3. `htonl` are not standardized, so they were not part of the C++ standard library. Also, on Windows, I believe you'd need to include `winsock.h` to get access to them, which has its own idiosyncratic issues. You are also missing the context of C++ defining operator overloading, so you can call `std::byteswap(0ull)` and get an `unsigned long long` and you can call `std::byteswap(std::uint16_t{0})` and get a 16 bit unsigned integer.

[0]: https://stackoverflow.com/questions/60802864/emulating-gccs-...

8 comments

> 3. `htonl` are not standardized, so they were not part of the C++ standard library.

I was questioning the motivation of this to facilitate network-byte-order issues as stated in the blog post. The proposal[1] (that the post linked to) also confirmed that the motivation was to expose more machine code intrinsics rather than deal with network byte order like I expected.

Concerning 1.) yeah, I guess I'd prefer a #pragma aesthetically, but didn't think about the fact that it wouldn't be exposed to the compiler.

Thanks for the well thought out reply!

[1] : https://isocpp.org/files/papers/P1272R4.html#motivation

one easily overlooked use of hton ntoh is portable binary persistent data. you want to read and write binary files in different cpu architecture hosts? mount a pluggable "disk" from different devices? use hton and ntoh to write/read binary data...
> Technically, this isn't the case in C either: the type defaults to `int`, but the compiler will pick a larger type if necessary, e.g. `enum Z { a = ((long long)INT_MAX) + 1 };`

if you read this and alarm bells didn't ring in your head I really invite you to immediately go check any enum you may have defined in your code because this is absolutely false with MSVC in C++ (https://gcc.godbolt.org/z/6bqW9rE81) (and C is often compiled as C++ on windows)

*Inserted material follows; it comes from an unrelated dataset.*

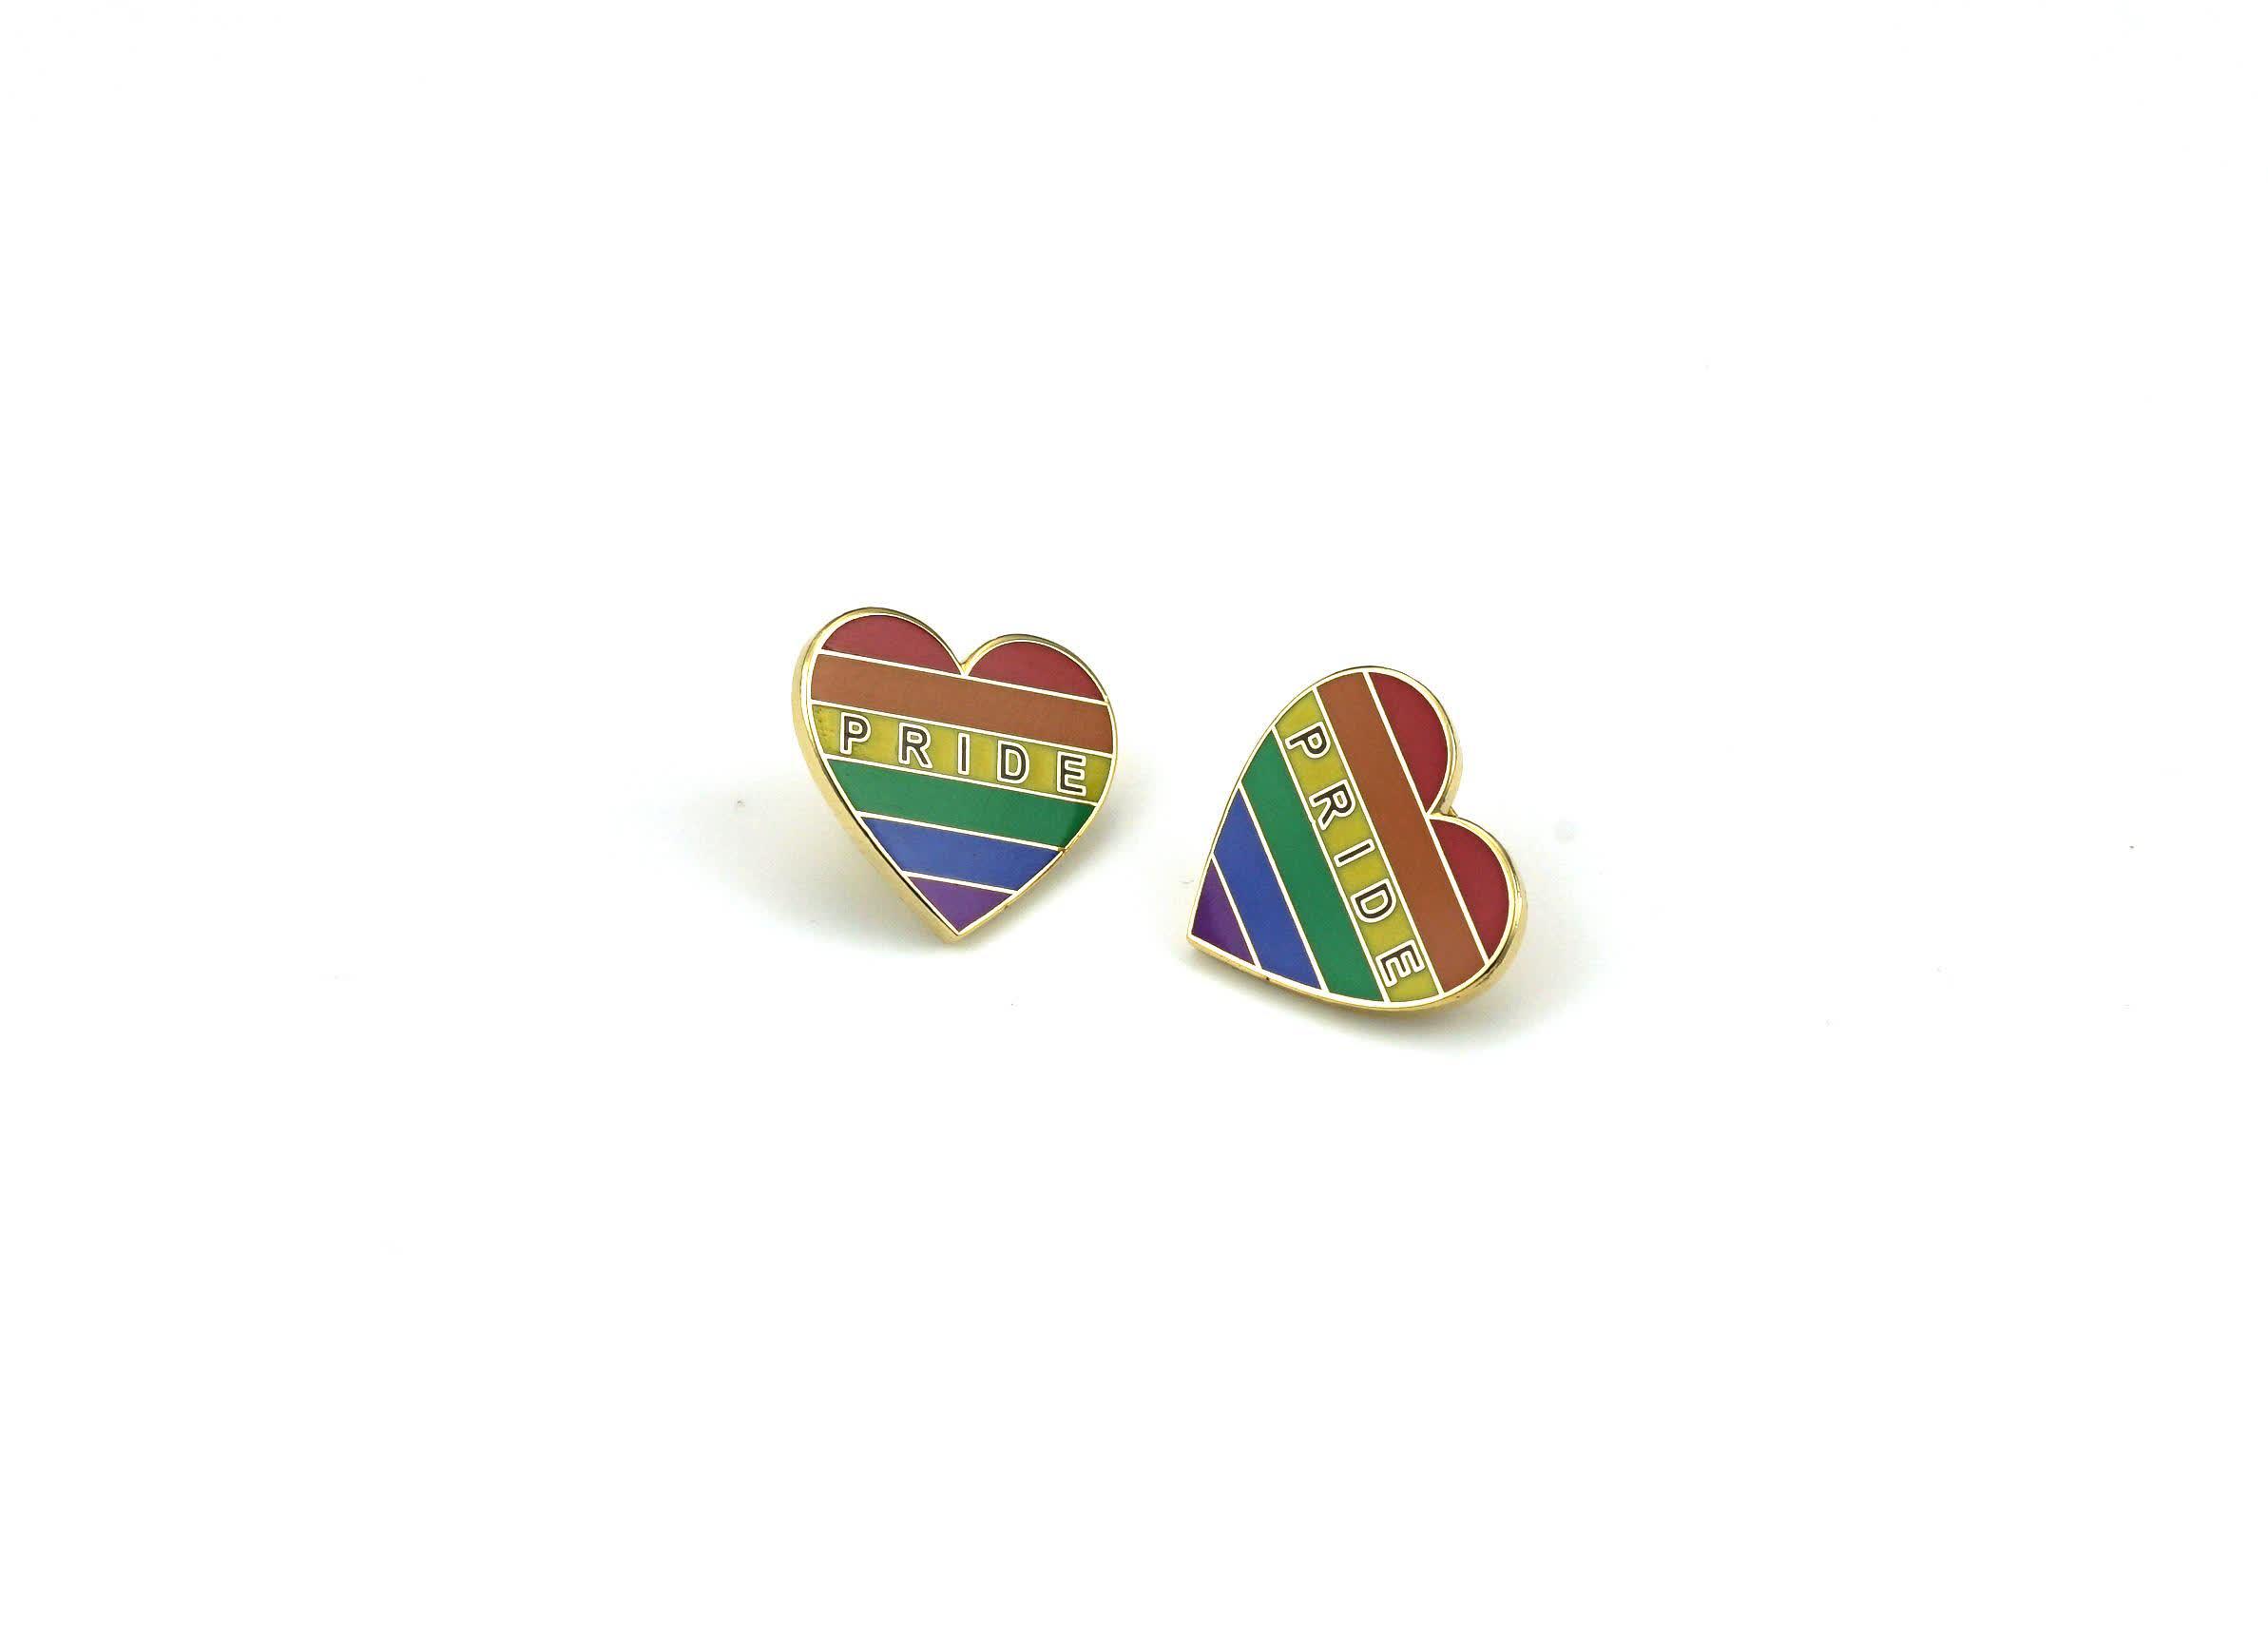 ที่กำหนดเองรูปหัวใจเรนโบว์นำฟรีทองเหลืองเคลือบตรา Pin ปกสำหรับเกย์ภูมิใจเหตุการณ์

In practice I don't think that the latitude of making enum size depend on the enumeration has ever been used as it would be too easy to break the ABI. IIRC compilers have allowed forward declaring enums as an extension before c++11 which obviously doesn't work if the size depends on the definition.
I don't think that's true. Neither C nor C++ would allow you to invoke a function with an incomplete type, regardless of whether it is a `struct` or an `enum`, so there's no ABI issues with forward declaring them, but you wouldn't be able to define or invoke a function that takes an incomplete type argument by value.

    struct A;
    enum B; // as you pointed out, not allowed by the C++ standard

    // fine to declare, define, and invoke
    void fooA(struct A*);
    void fooB(enum B*);

    // ok to forward declare, but you can't call them
    void barA(struct A);
    void barB(enum B);
Well I misremembered it seems. You can use forward declared enum class or enum : <type> in C++ as per standard:

   enum class A; // defaults to int
   enum B :int;
   enum C;
   fooA(A);
   FooB(B);
   FooC(C);

   fooA((A)0);
   fooB((B)0);
   fooC((C)0); // error
but indeed GCC refuses plain enum. Forward declaring enums in C is an old GCC extension that still deosn't allow to pass them when incomplete;

Enums in GCC do always default to int or unsigned int, unless -fshot-enums is used which is ABI breaking.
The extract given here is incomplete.